STORED DATA:
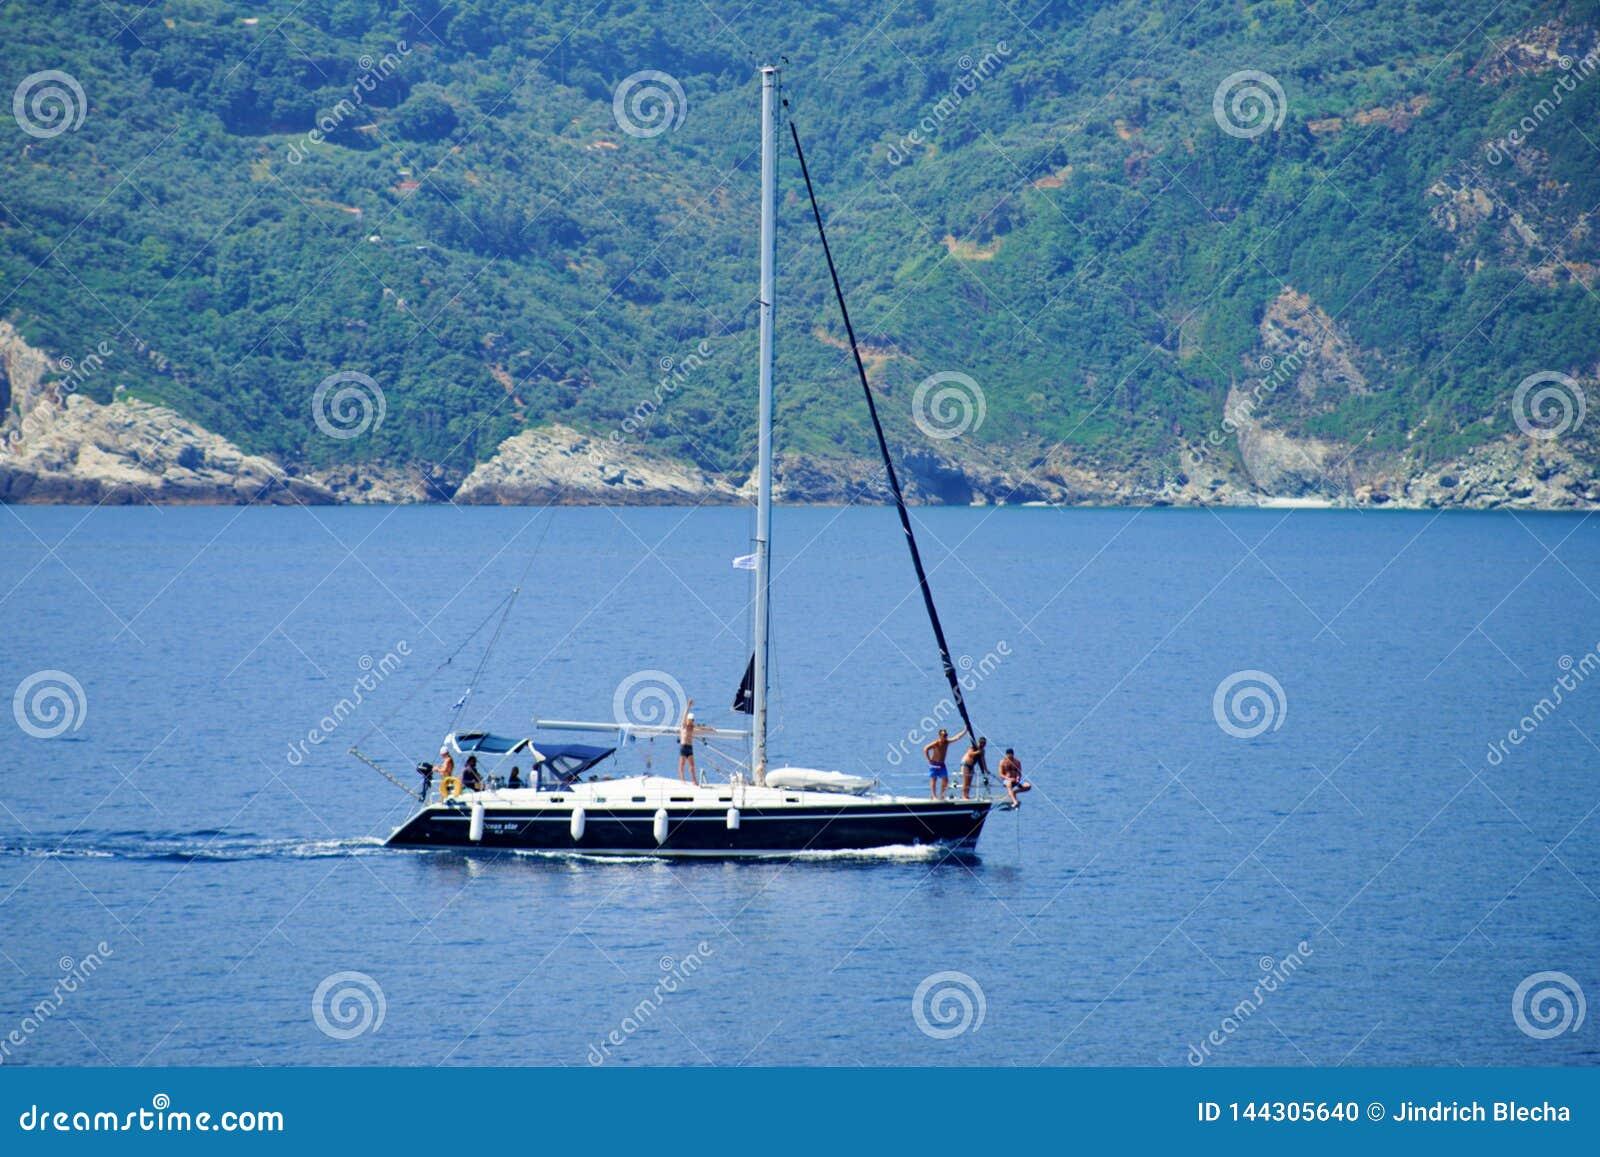 Sailing near Skopelos, Greece
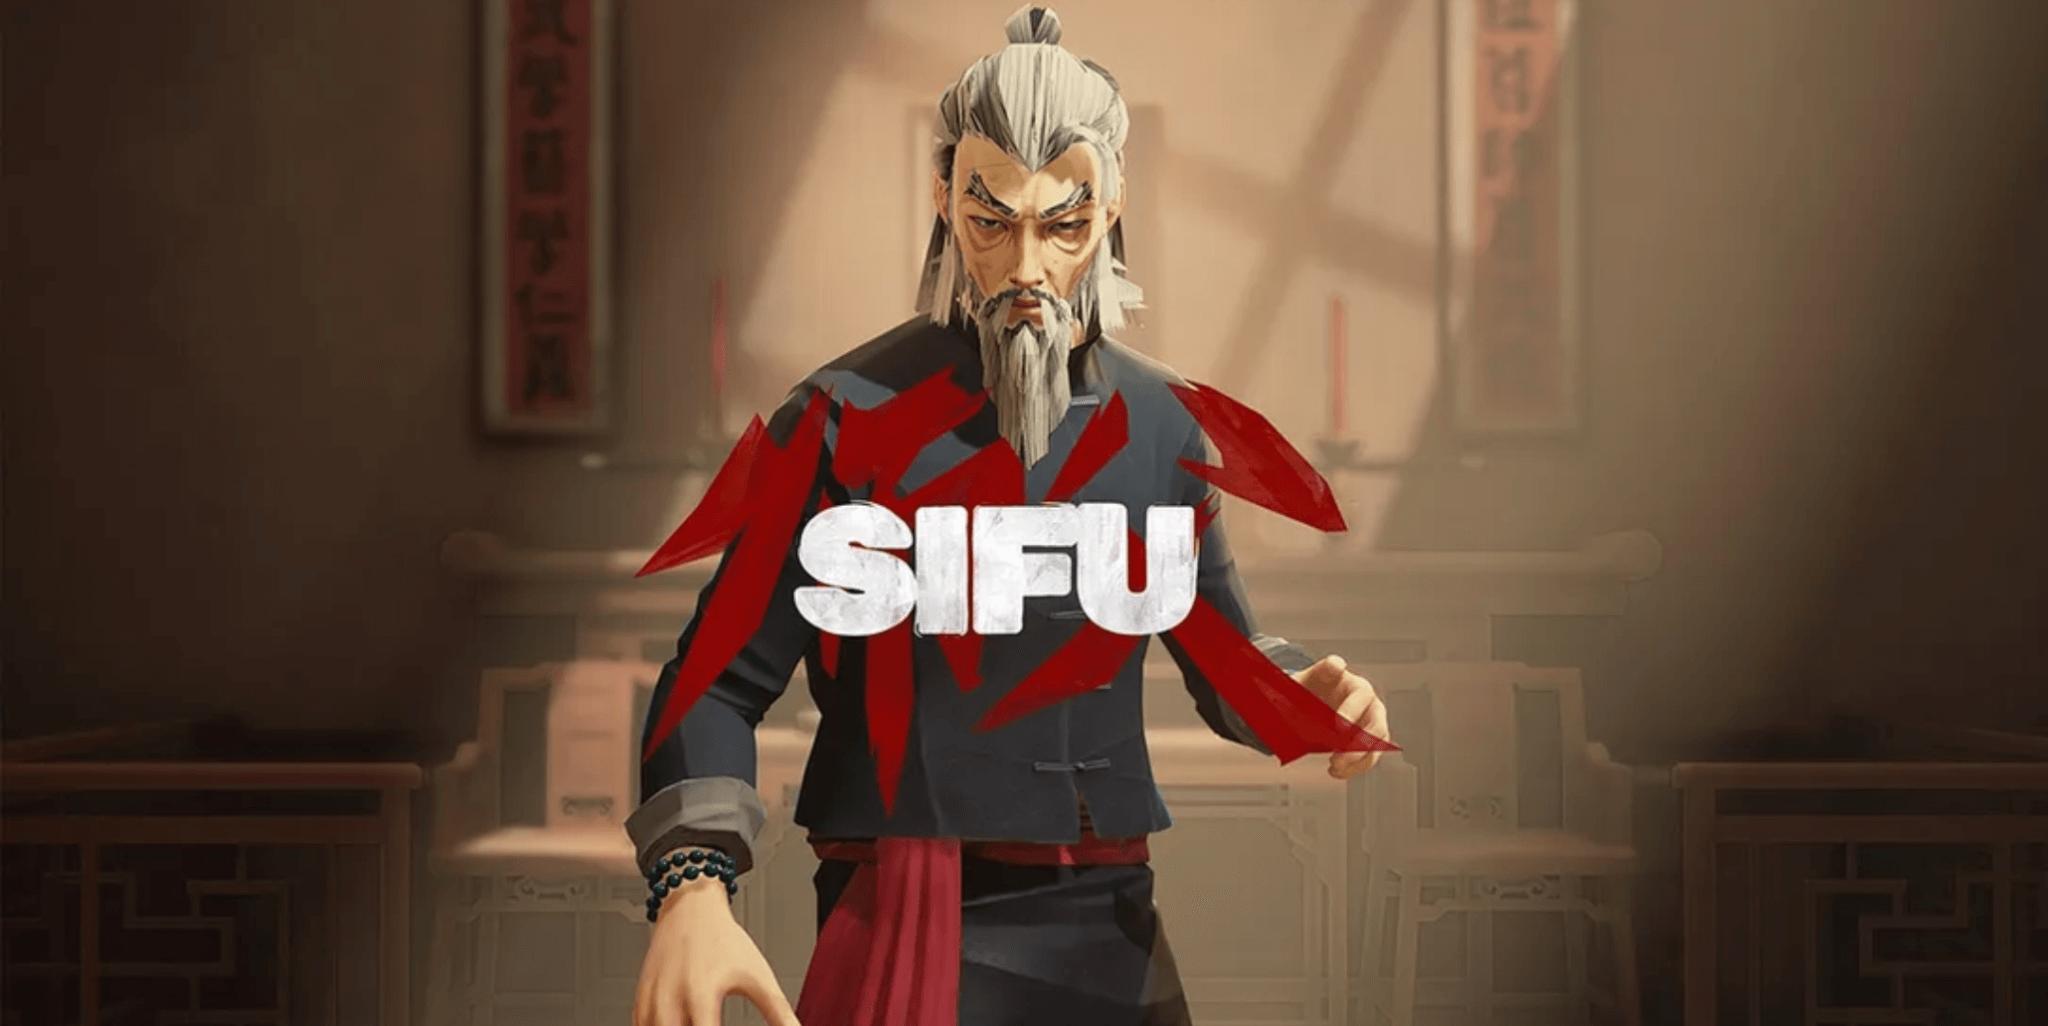 「SIFU」の発売日はいつ?予約特典と最新情報
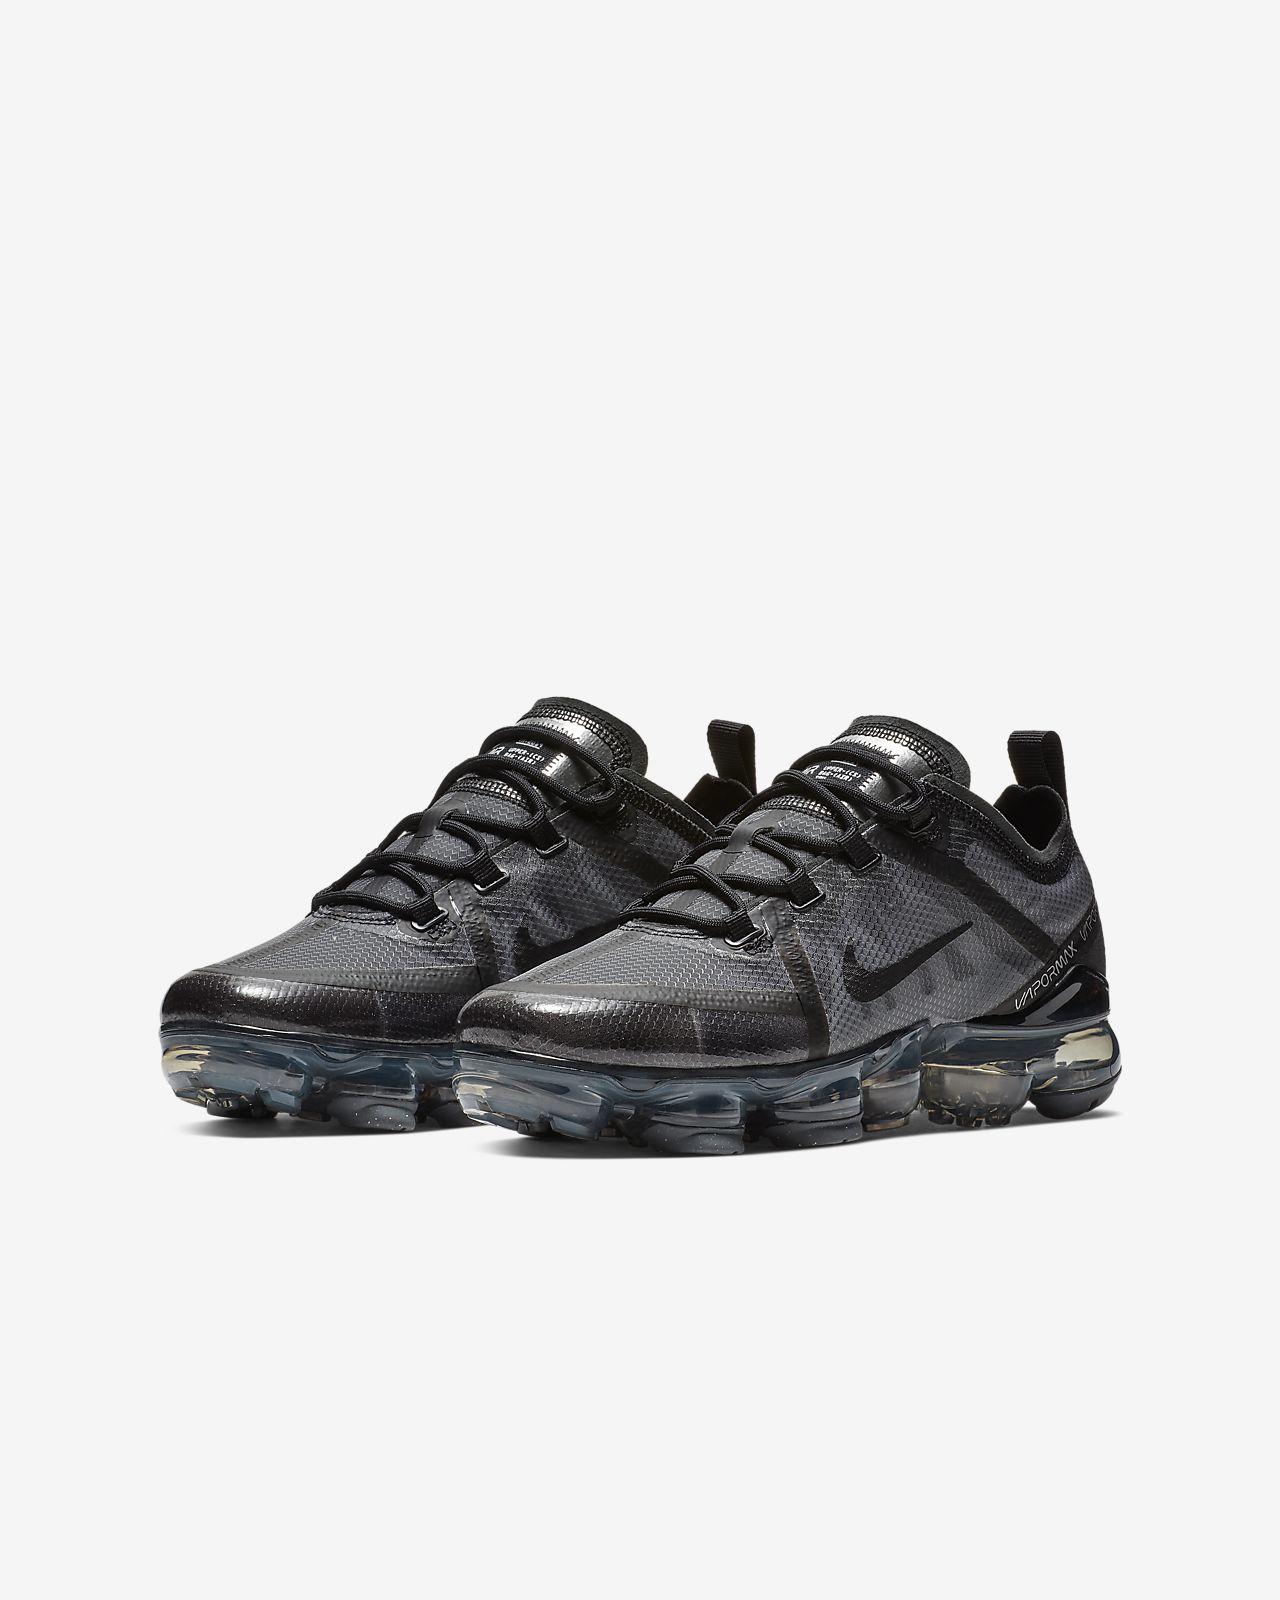 fedb8d1ce4d Nike Air VaporMax 2019 Older Kids  Shoe. Nike.com PT
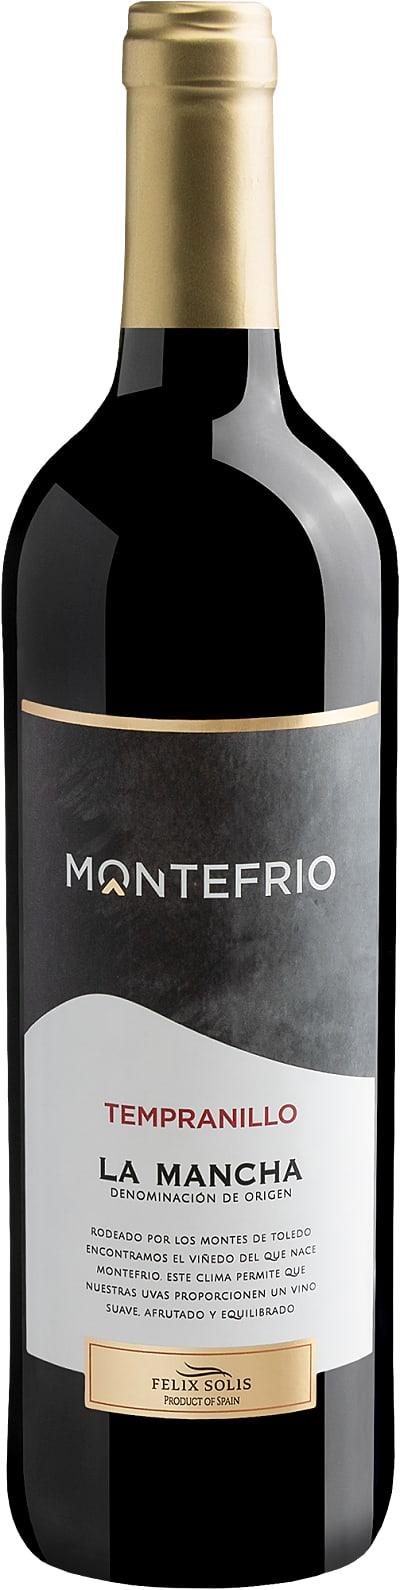 Montefrio Tempranillo La Mancha D.O.

ASSIGNMENT: Copy out exactly the lines from the one with "fedb8d1ce4d Nike Air" through the end of the listing, both ends included, omitting any picture.

PROBLEM SOLUTION:
 fedb8d1ce4d Nike Air VaporMax 2019 Older Kids  Shoe. Nike.com PT
 Montefrio Tempranillo La Mancha D.O.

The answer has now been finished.